L’Union européenne s’est dotée d’une réglementation sur l’intelligence artificielle (Règlement (UE) 2024/1689 du Parlement européen et du Conseil du 13 juin 2024 établissant des règles harmonisées concernant l’intelligence artificielle, appelé aussi AI Act), entrée en vigueur le 1er août 2024. Les Etats-Unis ont lancé, sous l’égide du Président Donald Trump, une initiative « American Artificial Intelligence Initiative » dans l’optique de développer l’innovation dans le domaine de l’intelligence artificielle. Le Président Joe Biden a poursuivi cette initiative : l’Executive Order 14110 « Safe, Secure and Trustworthy Artificial Intelligence » adopté le 30 octobre 2023 a pour objectif d’intégrer la sûreté, la sécurité et la fiabilité dans le développement de l’intelligence artificielle. Au niveau fédéral, le National Institute of Standards and Technology développe des standards en mettant en place un écosystème avec de grands groupes américains et des centres de recherches et universités. 

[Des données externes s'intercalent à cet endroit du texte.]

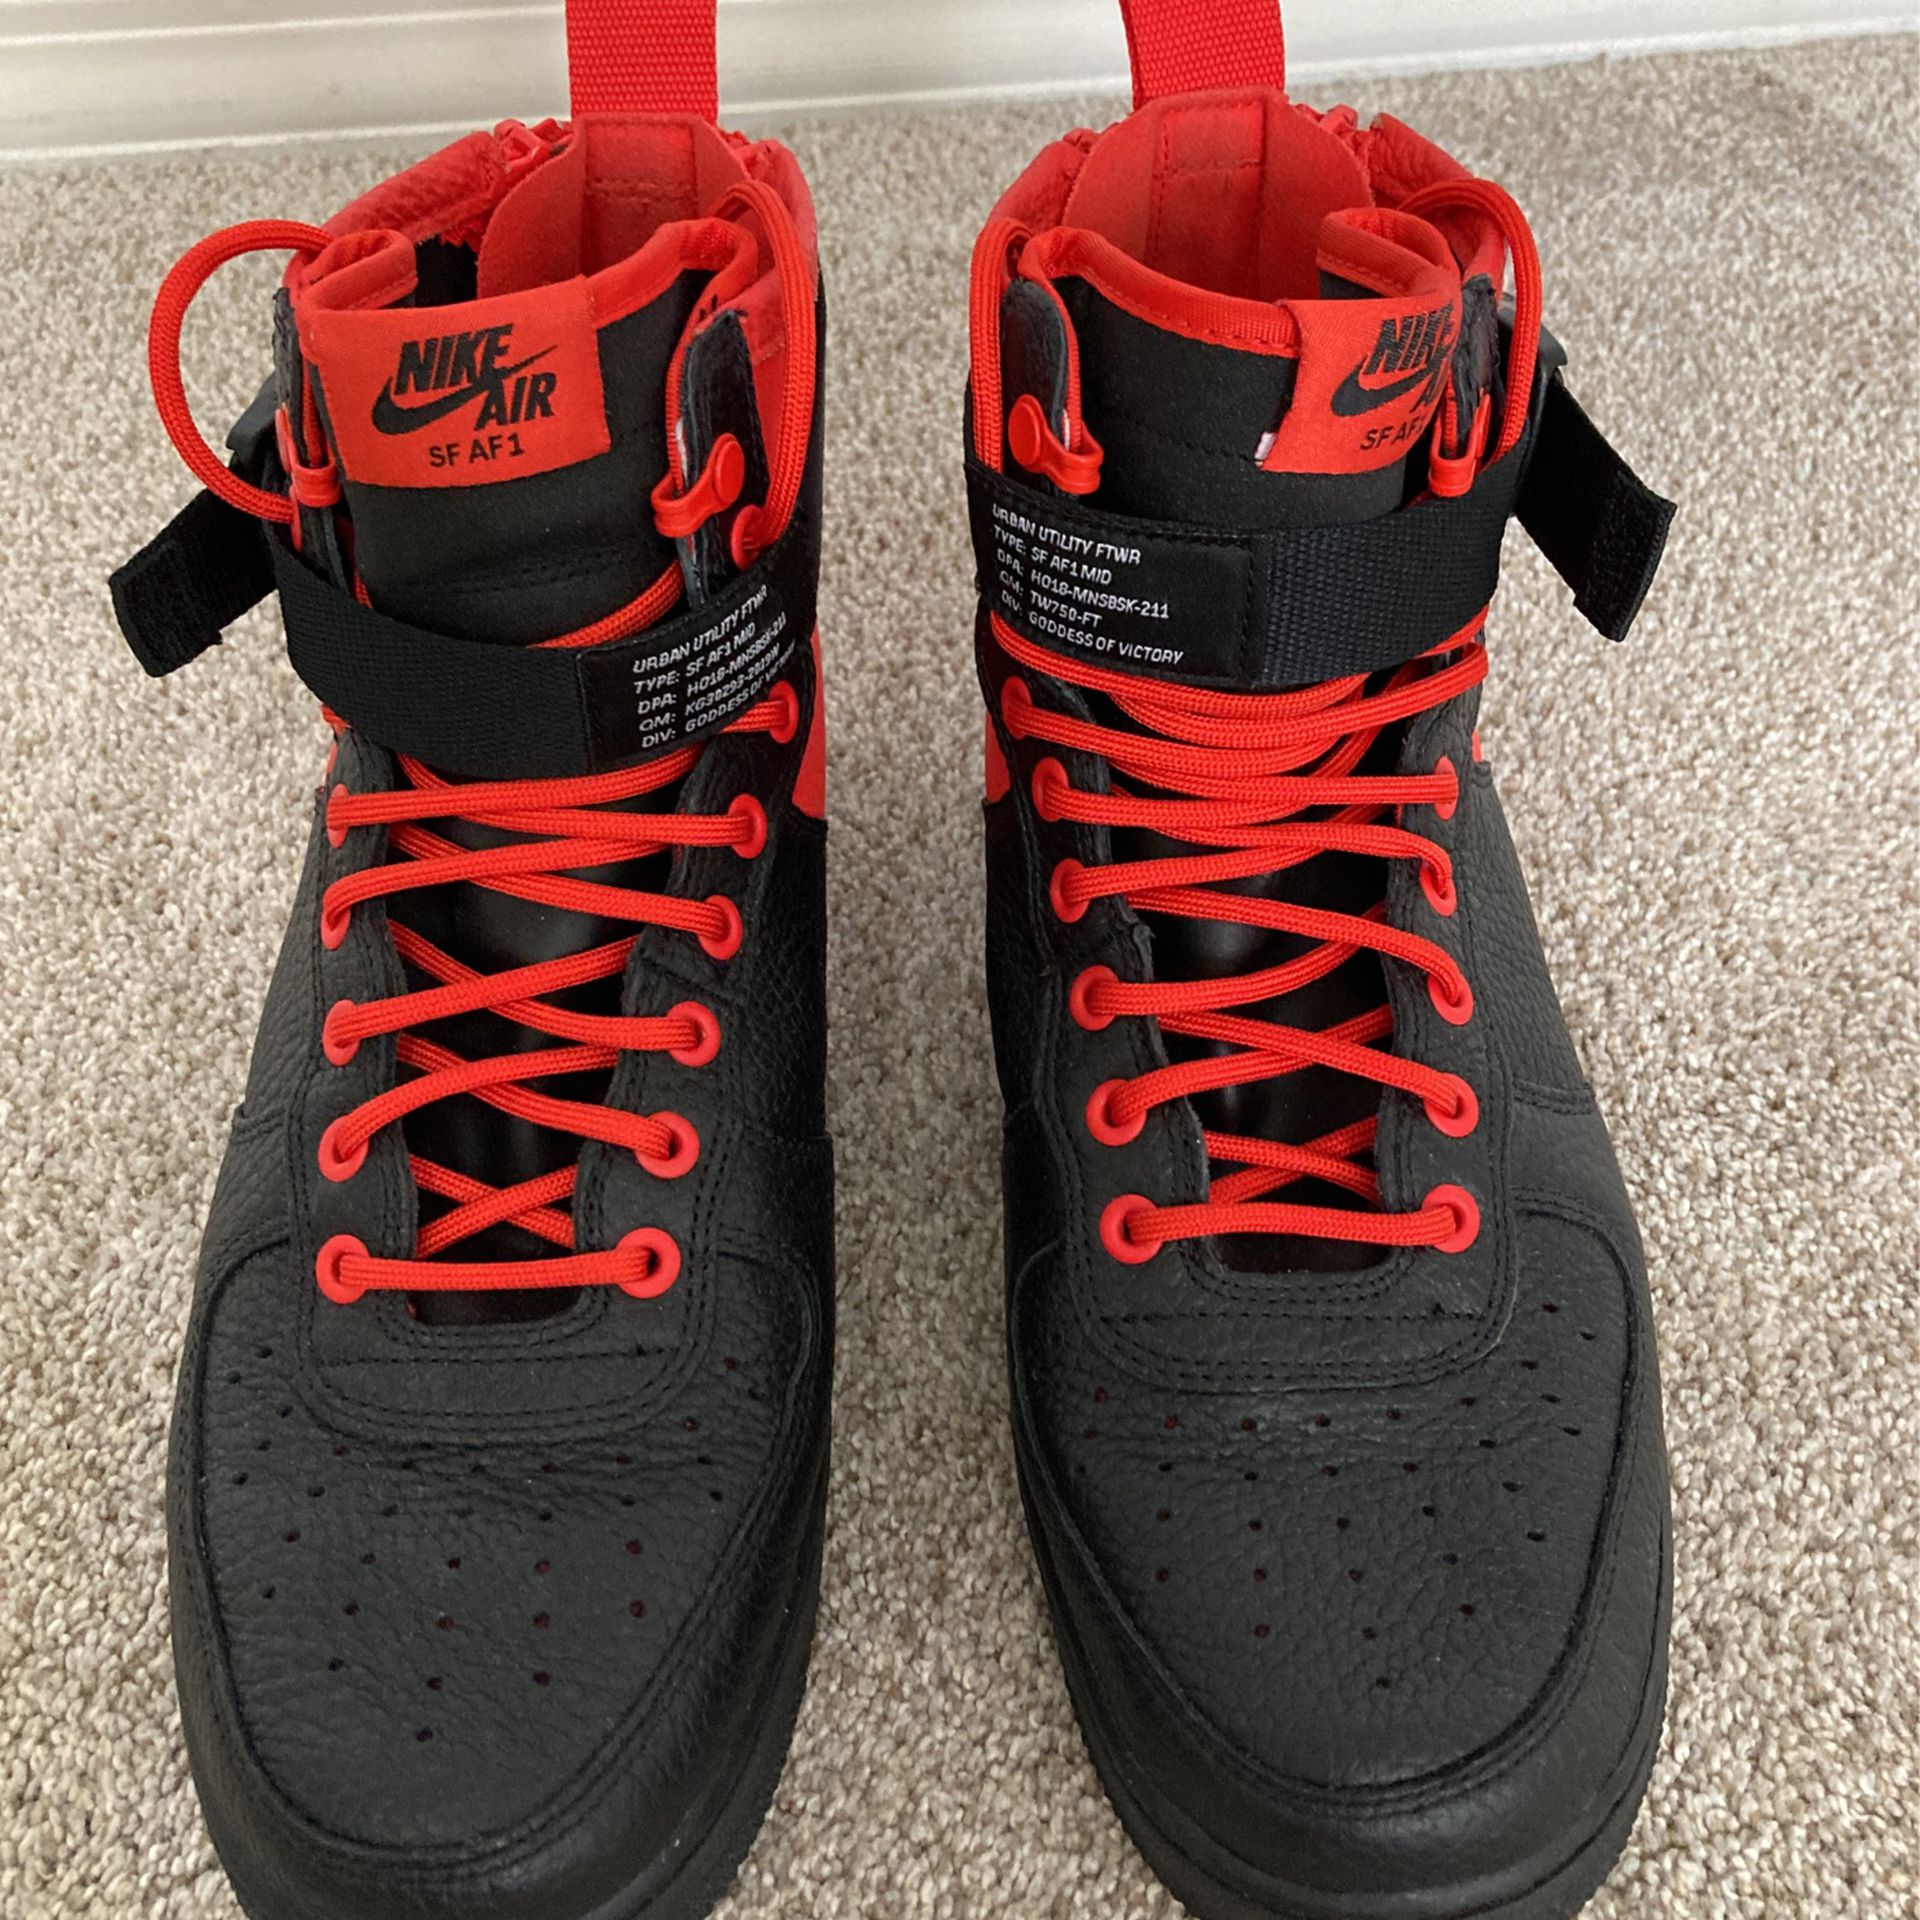 Black Air Force 1 for Sale in Mesa, AZ - OfferUp
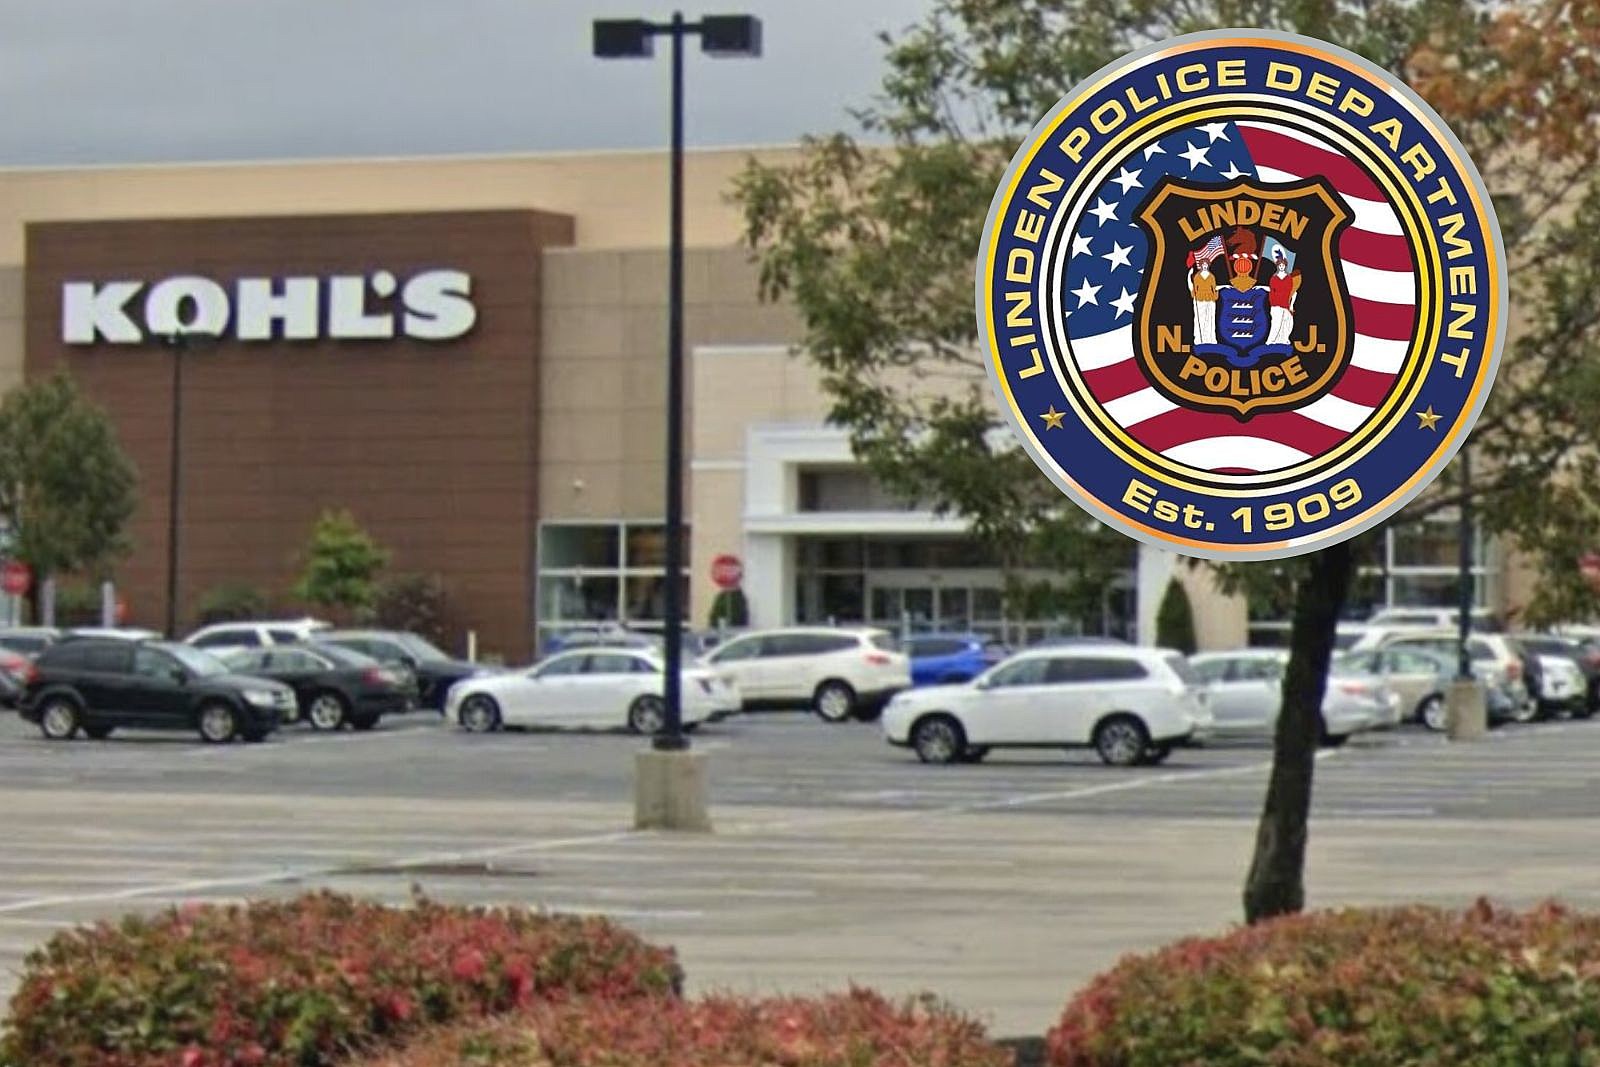 Linden shoplifters may be connected to NJ retail gangs, cops say

En tout état de cause, l’idée aux Etats-Unis et en Europe est de pouvoir combiner innovation et sécurité. Un des éléments centraux du débat est de placer le curseur entre ces deux notions qui idéalement peuvent se combiner mais peuvent aussi s’exclure : par exemple, des systèmes d’IA sur le score social pourraient être acceptés parce que porteurs d’innovation comme dans l’épisode de la série Black Mirror, « Chute libre », mais ne seraient pas considérés comme acceptables par la réglementation européenne.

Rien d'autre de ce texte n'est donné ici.